[PROBLEM REQUIREMENTS]:
Each line, starting at the one with "Image of Shiny Flea Beetle" and running to the end of the data below, is to be set down again exactly, both ends included; leave pictures out.

Start of RECORDED INFORMATION

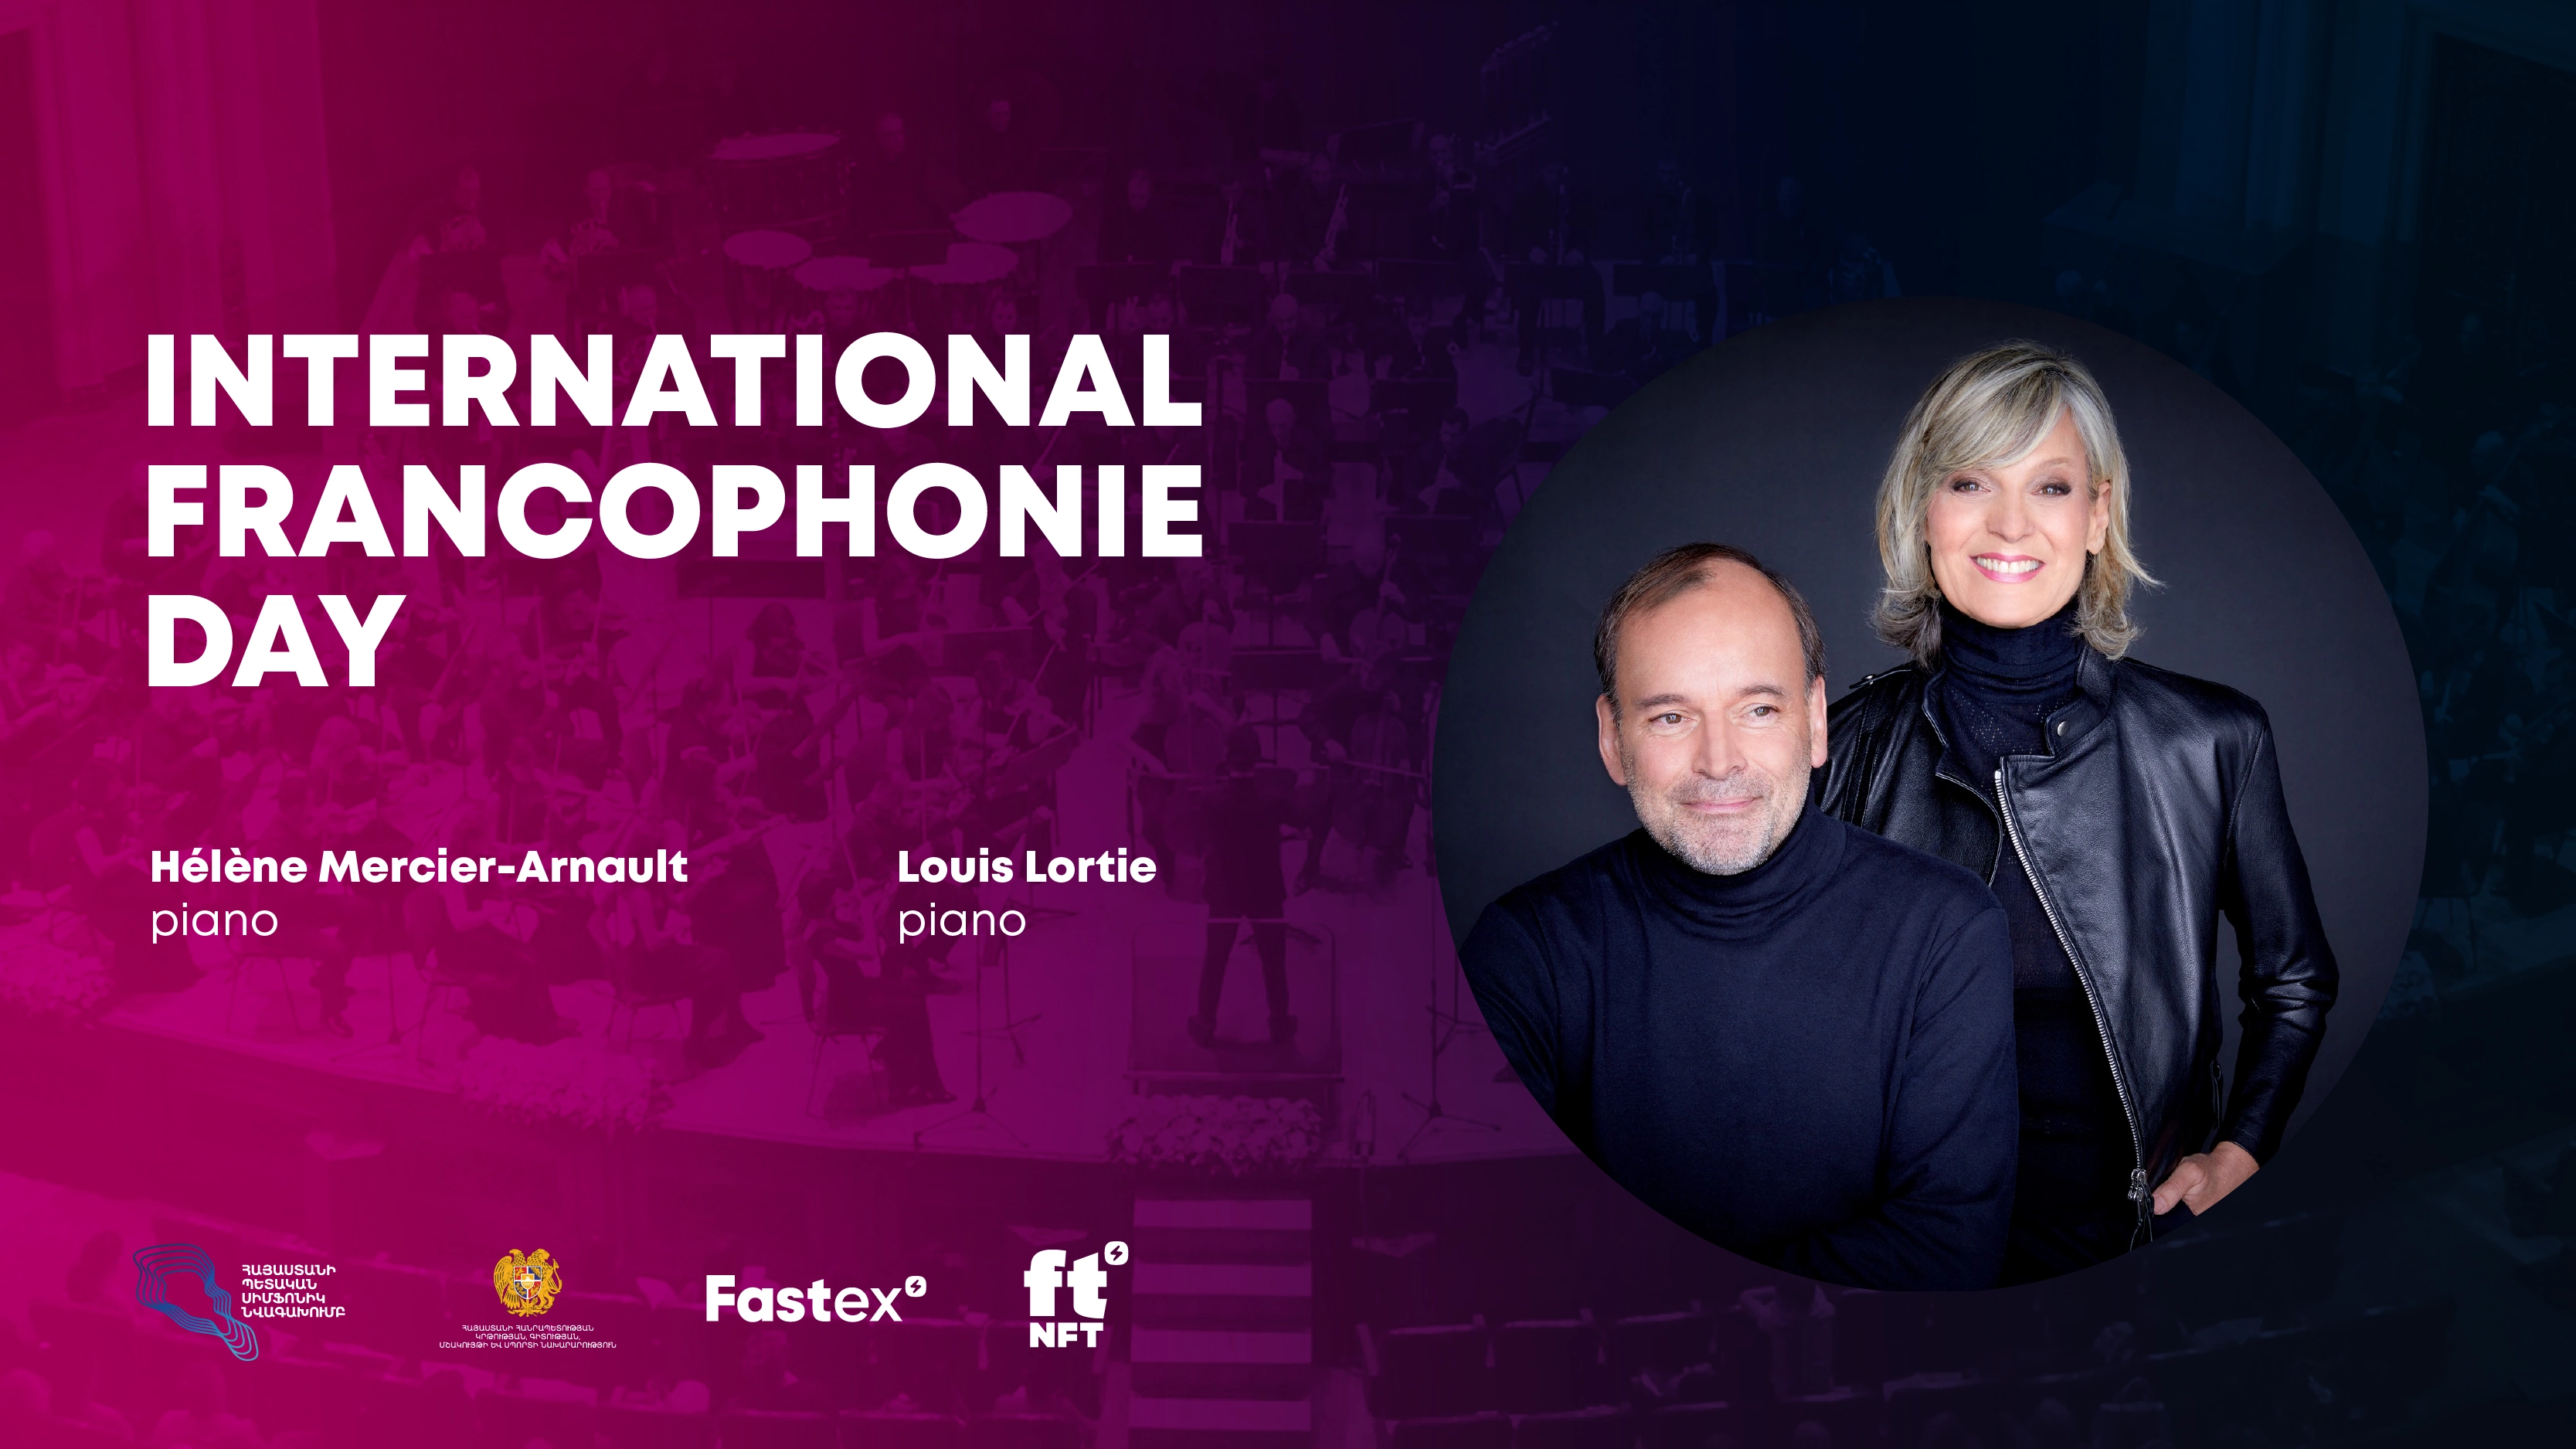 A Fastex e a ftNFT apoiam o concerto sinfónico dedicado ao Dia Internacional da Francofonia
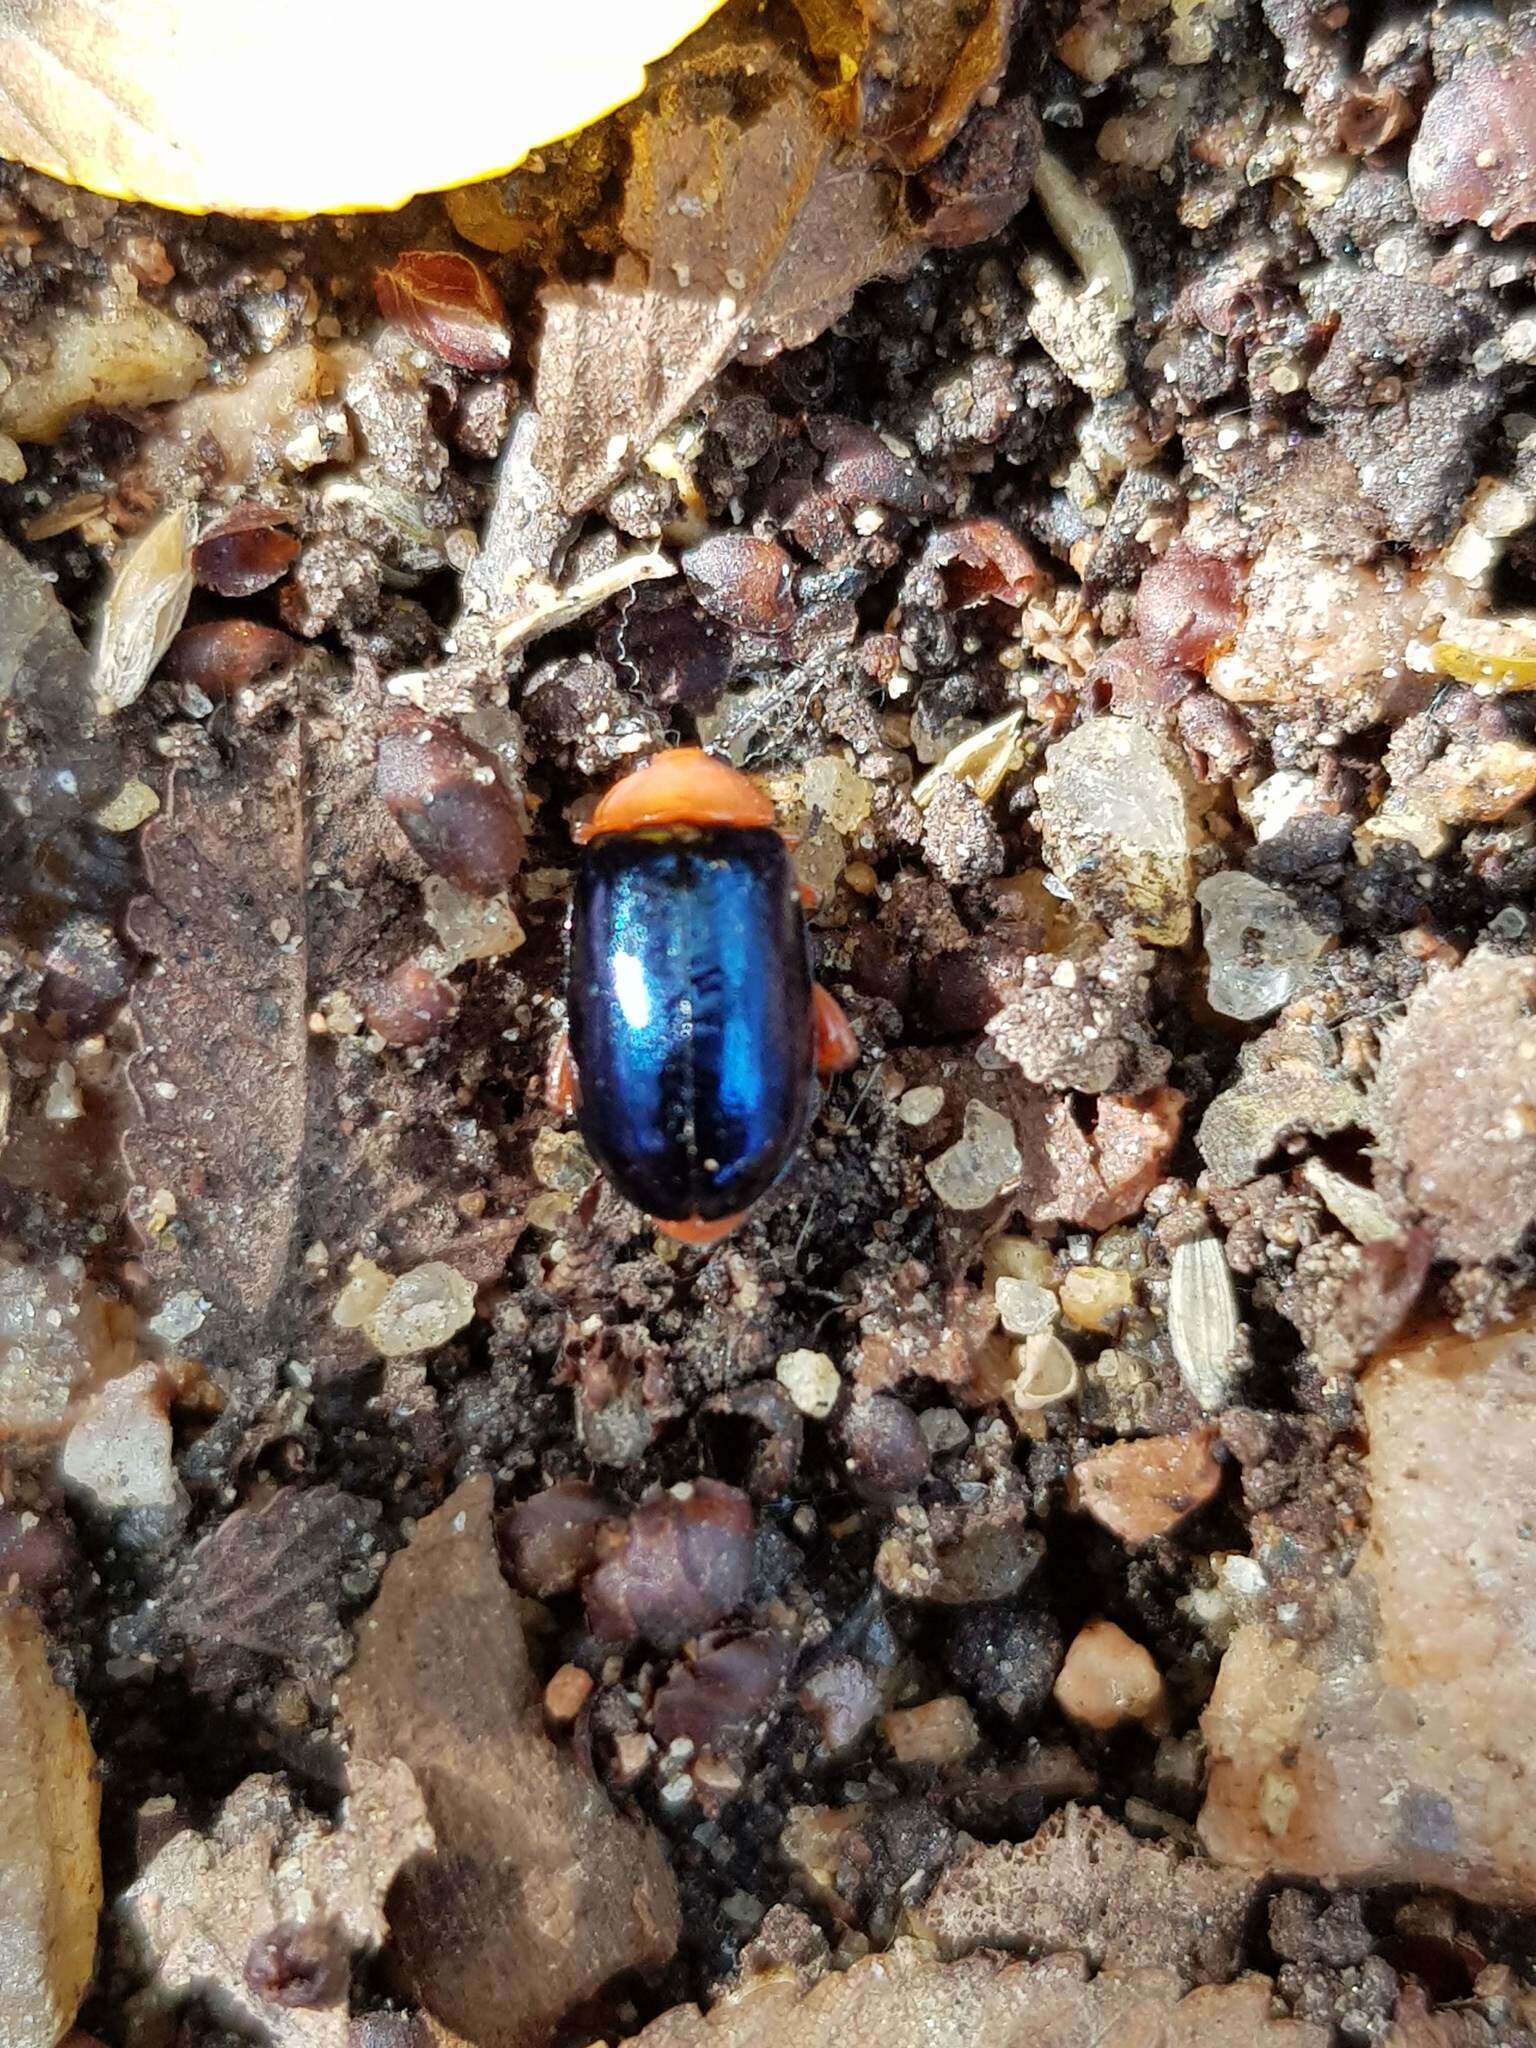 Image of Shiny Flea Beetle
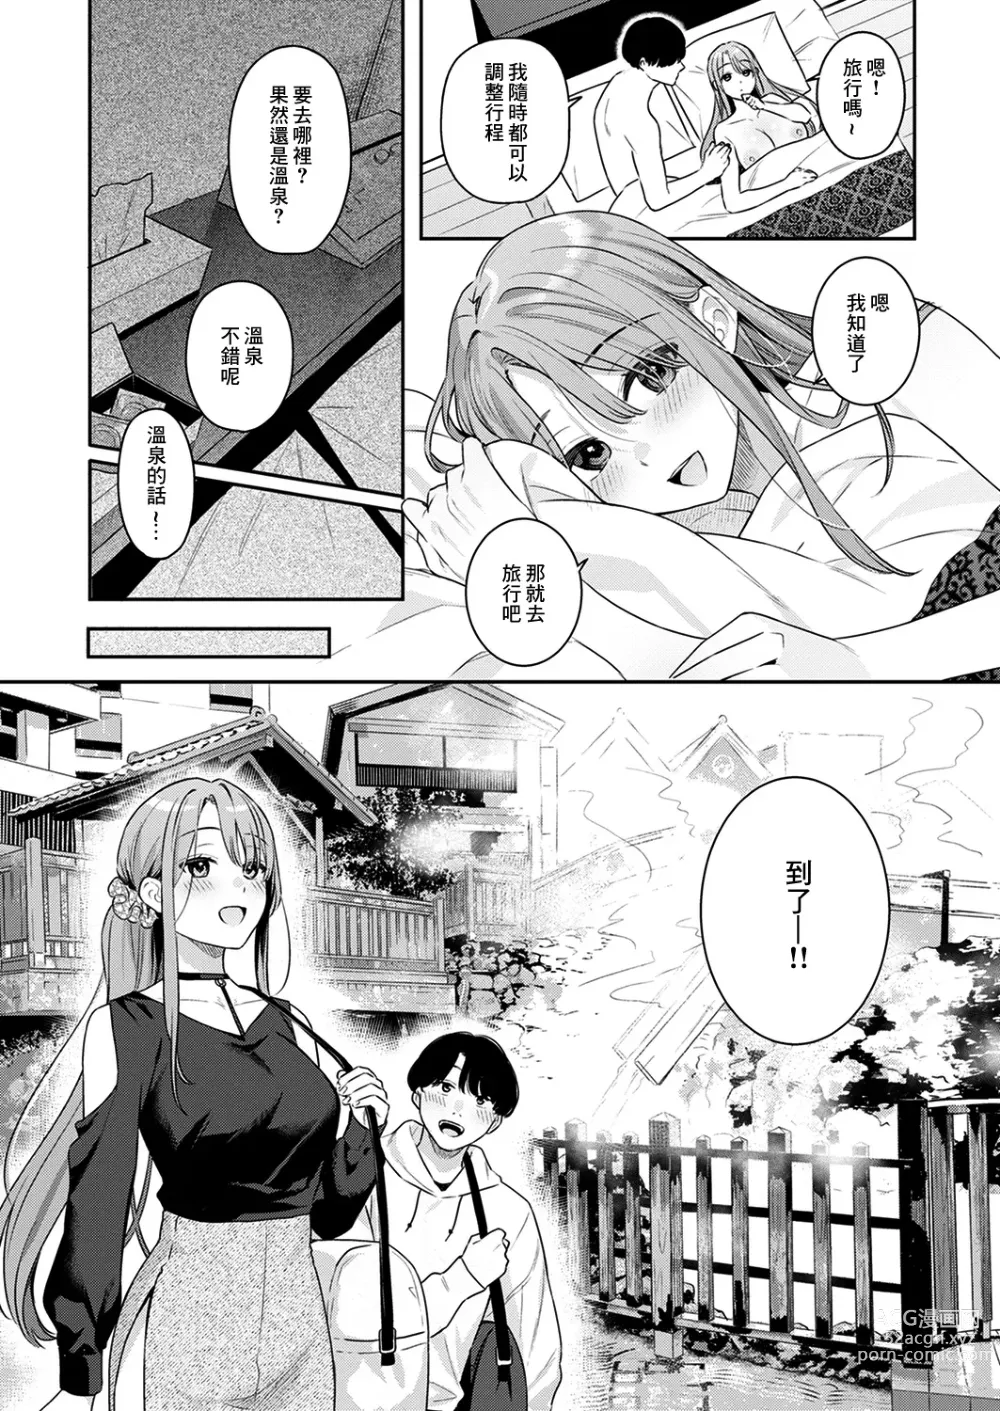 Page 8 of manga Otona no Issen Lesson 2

End of RECORDED INFORMATION

[SOLUTION FOR THIS TASK]:
 Image of Shiny Flea Beetle
 Page 8 of manga Otona no Issen Lesson 2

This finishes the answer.